Question

In which of the following decays are the three lepton numbers conserved? In each case, explain your reasoning. (a) \(\mu^-\rightarrow e^- + \nu_e + \overline{\nu}_\mu\); (b) \(\tau^-\rightarrow e^- + \overline{\nu}_e + \overline {\nu} _\tau\); (c) \(\pi^+ \rightarrow e^+ + \gamma\); (d) \(n \rightarrow p + e^- + \overline{\nu}_e\).

Short answer

Decays (a), (b), and (d) conserve lepton numbers. Decay (c) does not.

Step-by-step solution

Understand Lepton Number Conservation

Lepton number conservation states that in any nuclear or particle reaction, the sum of the lepton numbers before the reaction must equal the sum after the reaction.
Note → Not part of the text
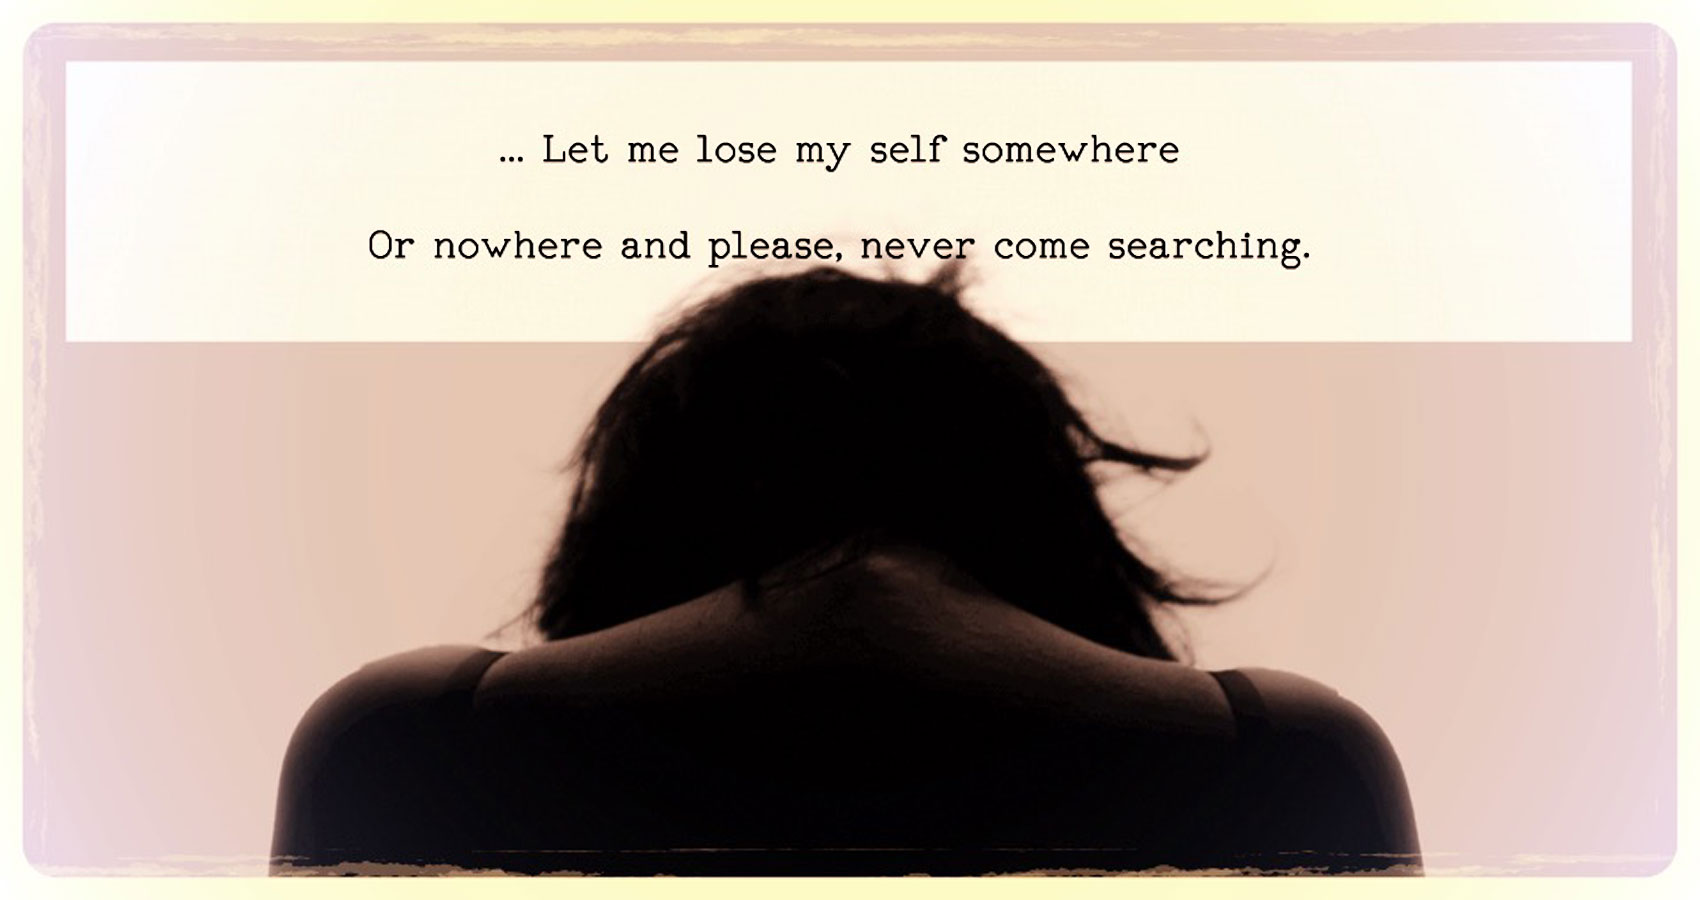 Lost And Unfound, written by Kabrie Waters at Spillwords.com

There are three types of lepton numbers: electron lepton number \(L_e\), muon lepton number \(L_\mu\), and tau lepton number \(L_\tau\). These numbers must be independently conserved in a reaction.

Evaluate Decay (a) \(\mu^-\rightarrow e^- + \nu_e + \overline{\nu}_\mu\)

Assign lepton numbers to each particle: \(\mu^-, L_e = 0, L_\mu = 1, L_\tau = 0\); \(e^-, L_e = 1, L_\mu = 0, L_\tau = 0\); \(u_e, L_e = 1, L_\mu = 0, L_\tau = 0\); \(\overline{u}_\mu, L_e = 0, L_\mu = -1, L_\tau = 0\). Before decay: \(L_e = 0, L_\mu = 1, L_\tau = 0\). After decay: \(L_e = 1 + 1, L_\mu = 0 - 1, L_\tau = 0\). All lepton numbers are conserved.

Evaluate Decay (b) \(\tau^-\rightarrow e^- + \overline{\nu}_e + \overline{\nu}_\tau\)

Assign lepton numbers to each particle: \(\tau^-, L_e = 0, L_\mu = 0, L_\tau = 1\); \(e^-, L_e = 1, L_\mu = 0, L_\tau = 0\); \(\overline{u}_e, L_e = -1, L_\mu = 0, L_\tau = 0\); \(\overline{u}_\tau, L_e = 0, L_\mu = 0, L_\tau = -1\). Before decay: \(L_e = 0, L_\mu = 0, L_\tau = 1\). After decay: \(L_e = 1 - 1, L_\mu = 0, L_\tau = 0 - 1\). All lepton numbers are conserved.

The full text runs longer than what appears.